## Task directions
From the line that contains "4 bed detached for sale in Leominster 3" to the last line of the data below, transcribe every line exactly. Do not include the pictures.

## Source data
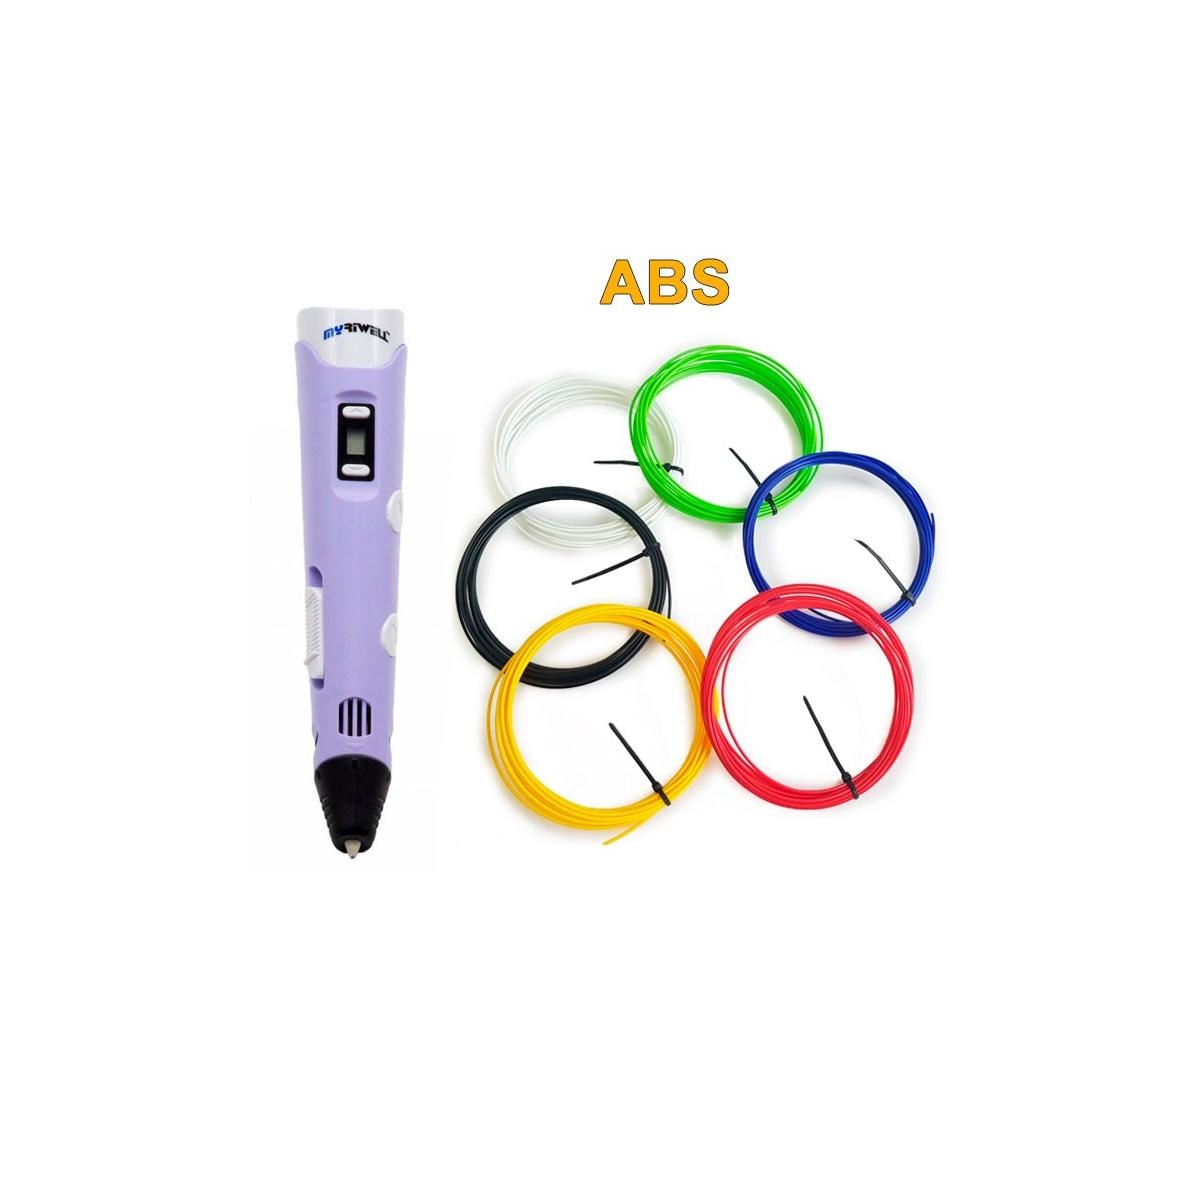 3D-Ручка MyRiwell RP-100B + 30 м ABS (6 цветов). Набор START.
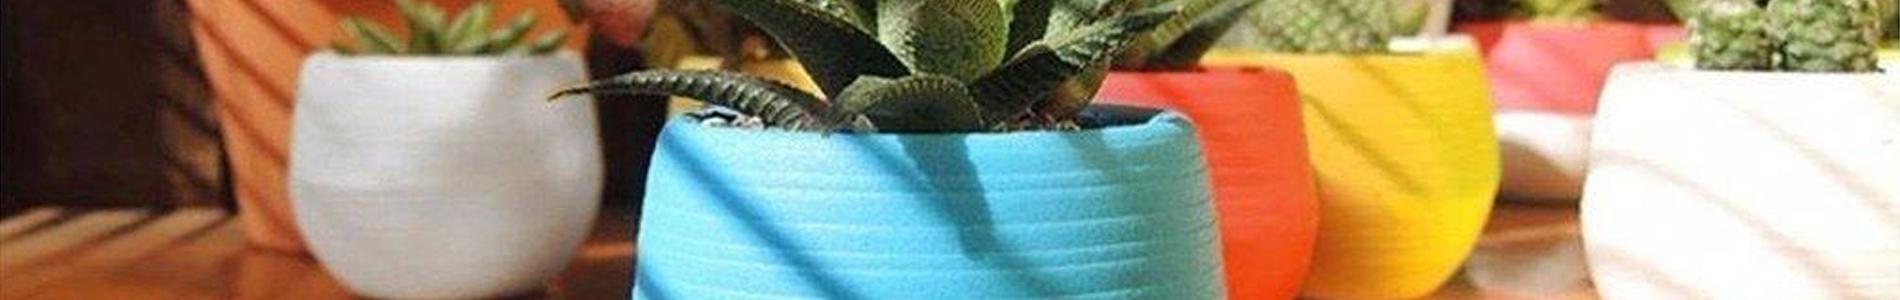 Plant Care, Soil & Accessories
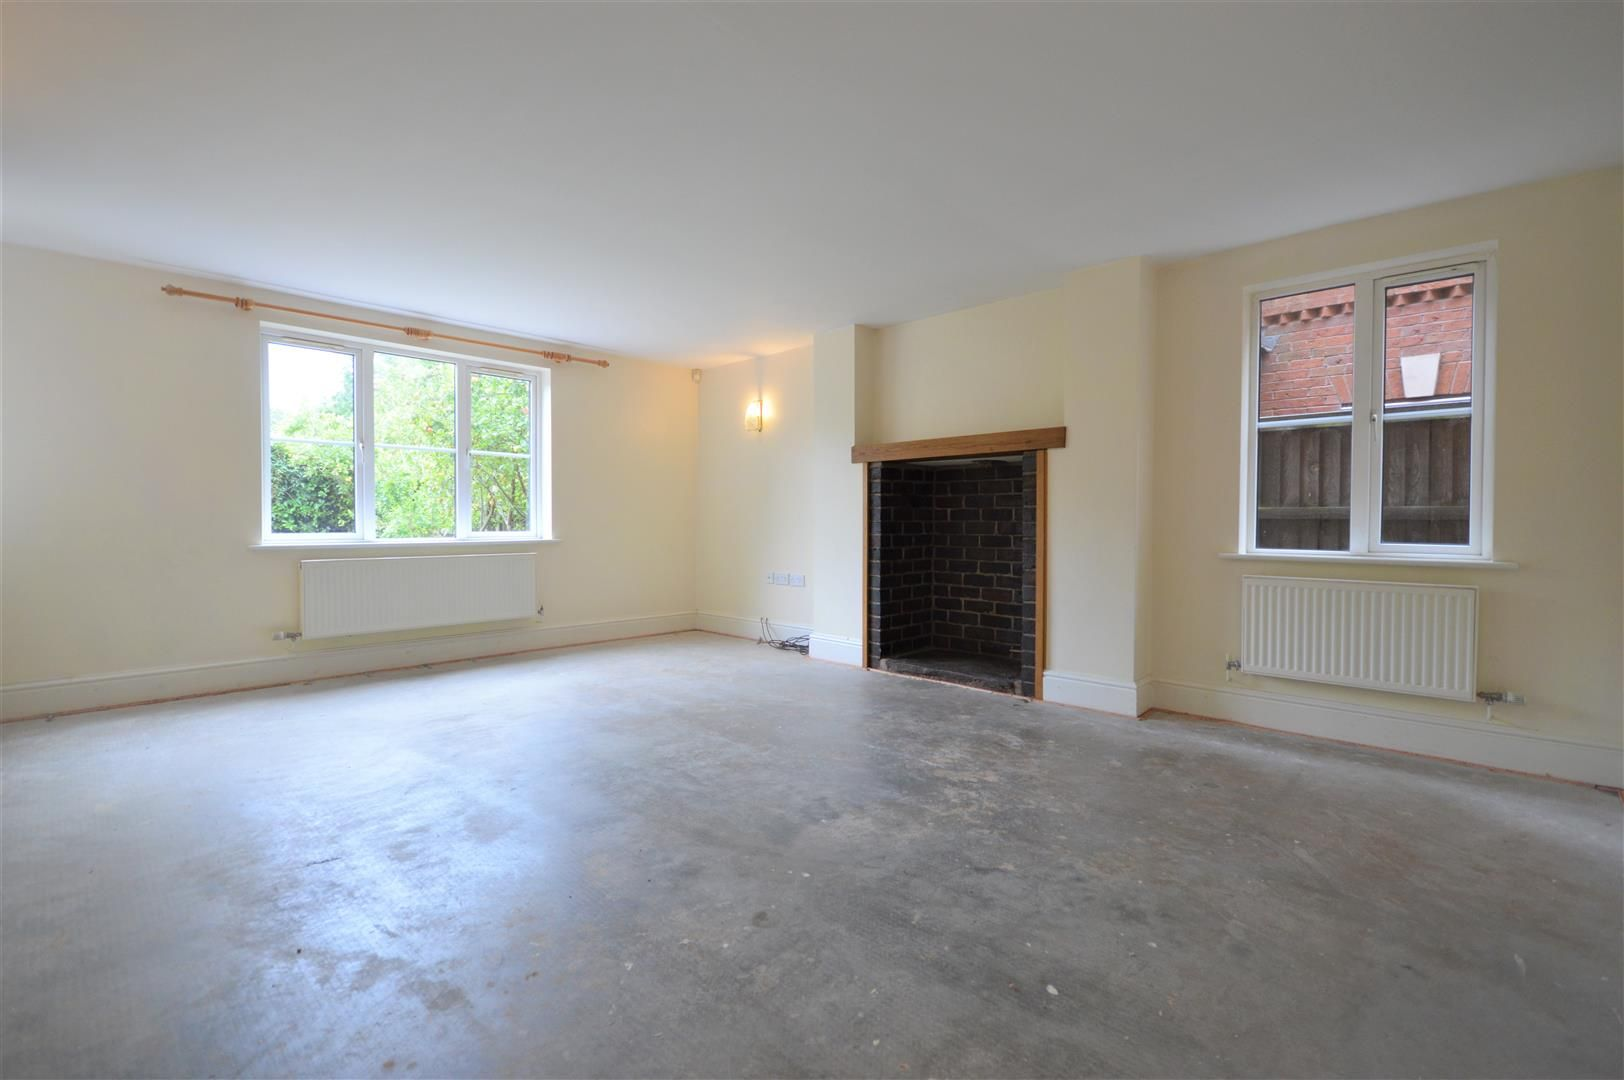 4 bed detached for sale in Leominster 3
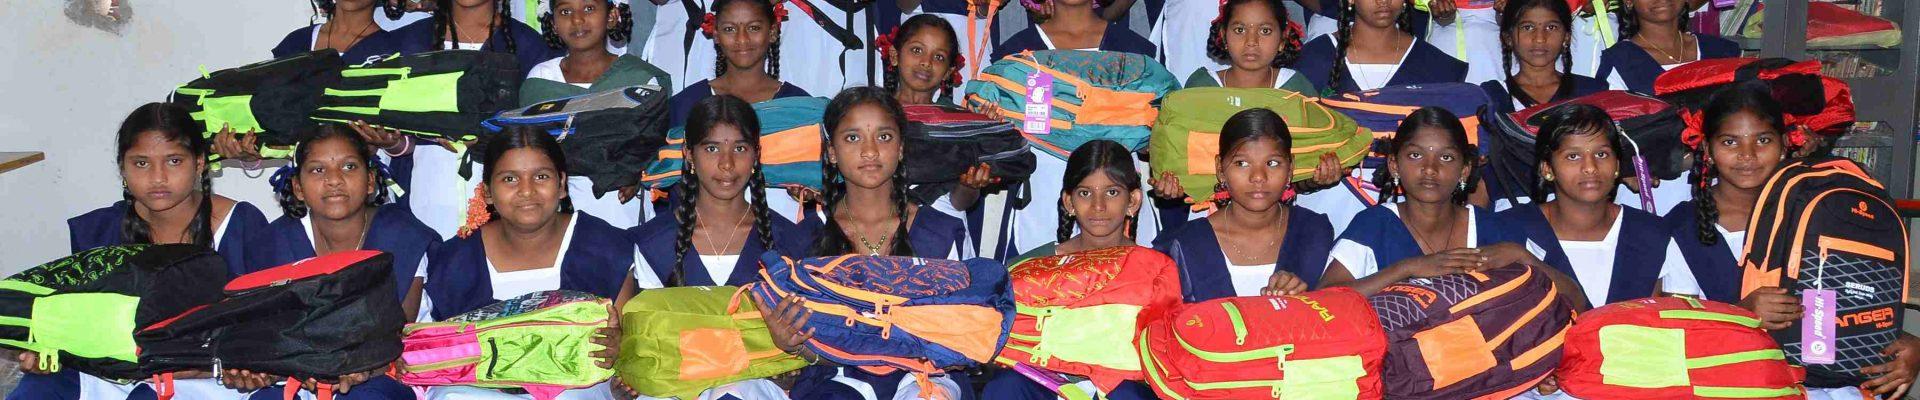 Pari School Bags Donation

## Answer box
 4 bed detached for sale in Leominster 3
 Pari School Bags Donation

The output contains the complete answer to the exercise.